---- INFORMATION PROVIDED

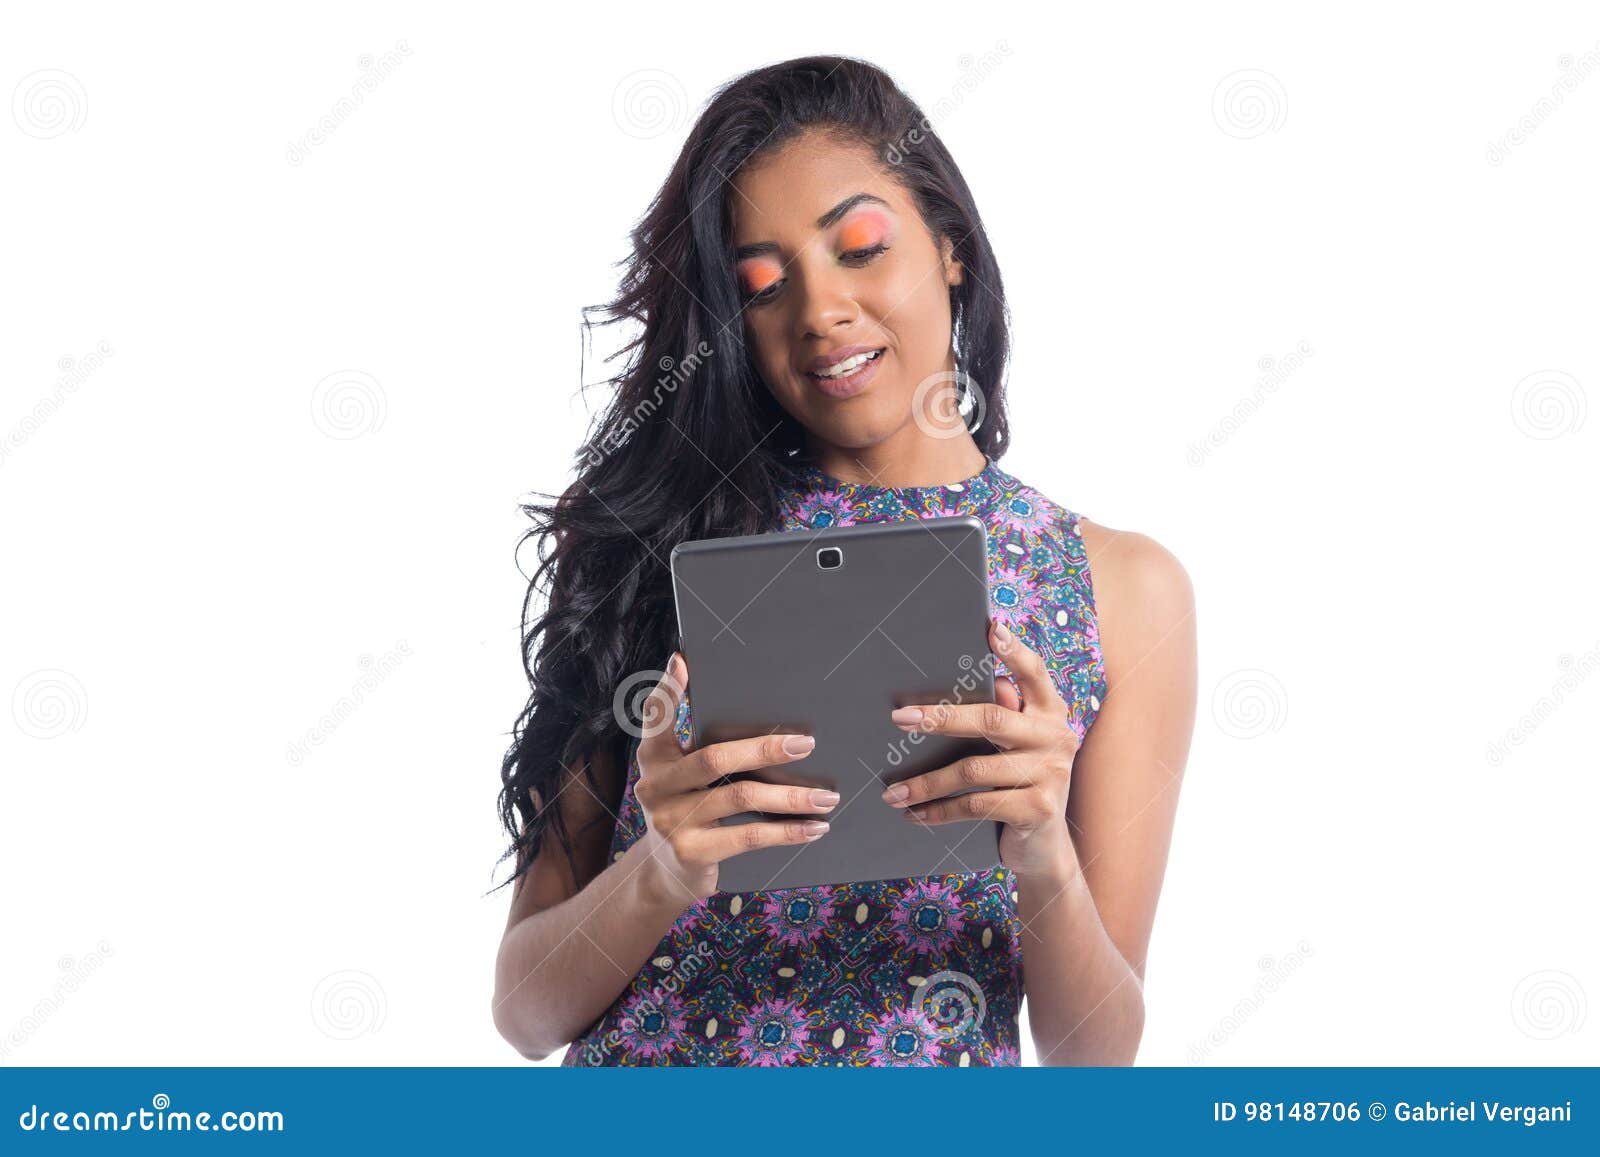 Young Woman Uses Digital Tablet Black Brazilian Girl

--------
---- INFORMATION PROVIDED

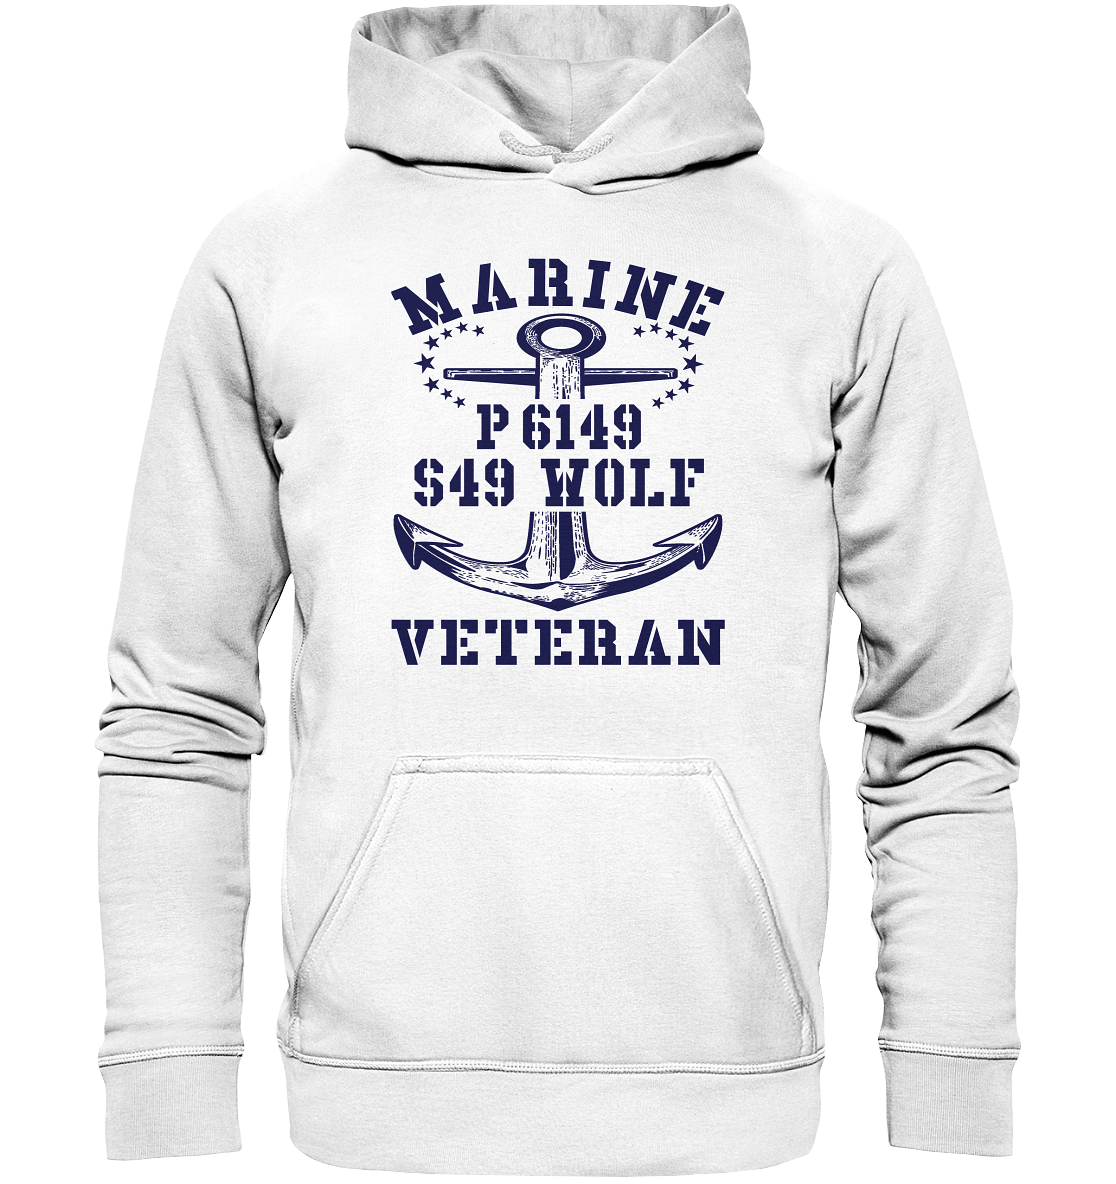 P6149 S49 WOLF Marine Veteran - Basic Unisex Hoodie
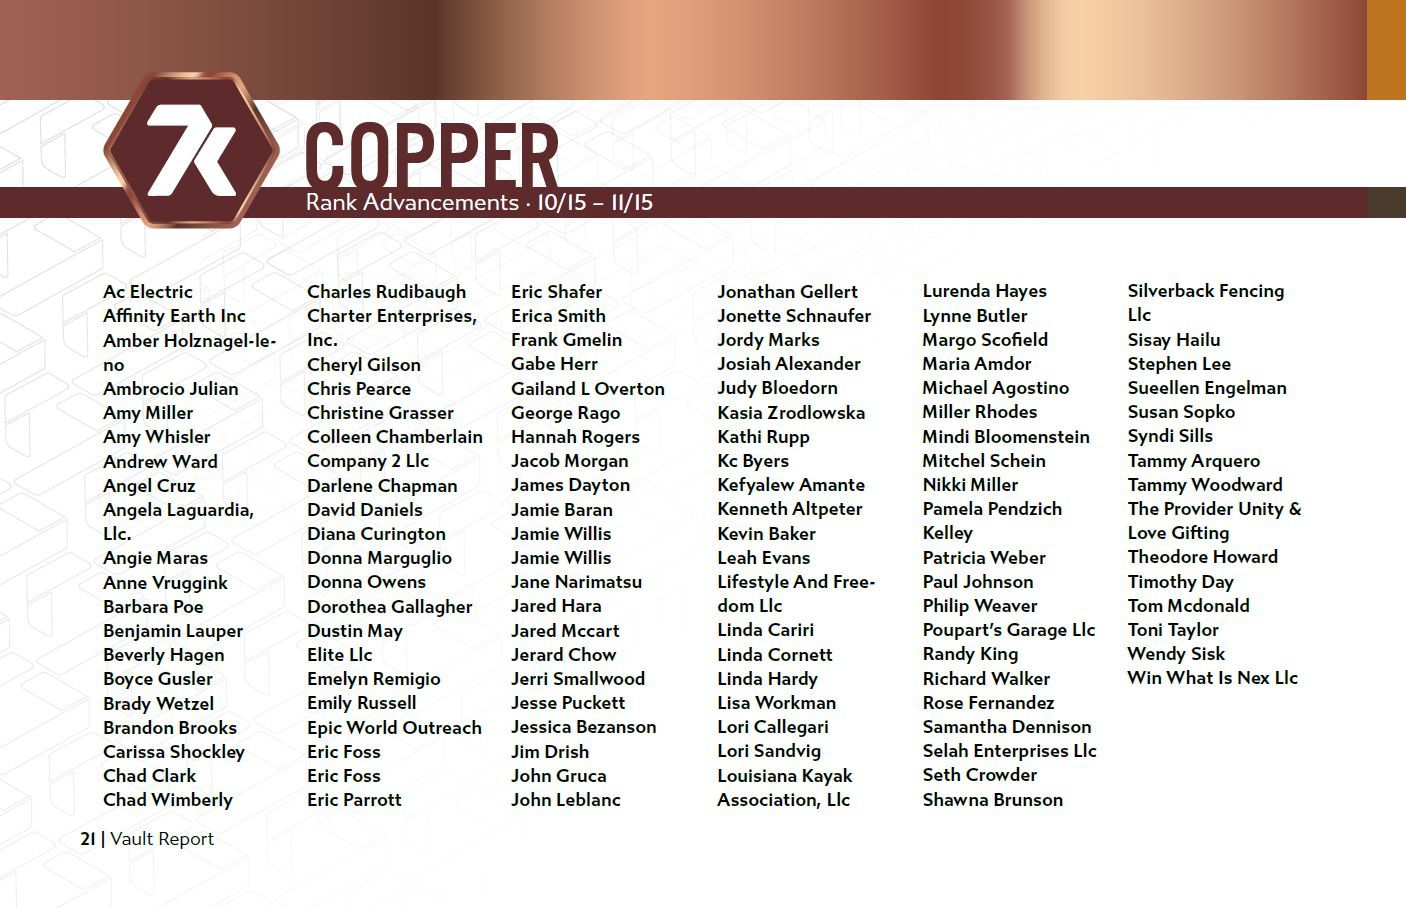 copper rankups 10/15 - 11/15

--------

Copy word for word the span of the records above that begins at the line with "P6149 S49 WOLF" and ends at the line with "copper rankups 10/15 - 11/15", including those two lines but not the pictures.

RESULT OF THIS EXERCISE:
 P6149 S49 WOLF Marine Veteran - Basic Unisex Hoodie
 copper rankups 10/15 - 11/15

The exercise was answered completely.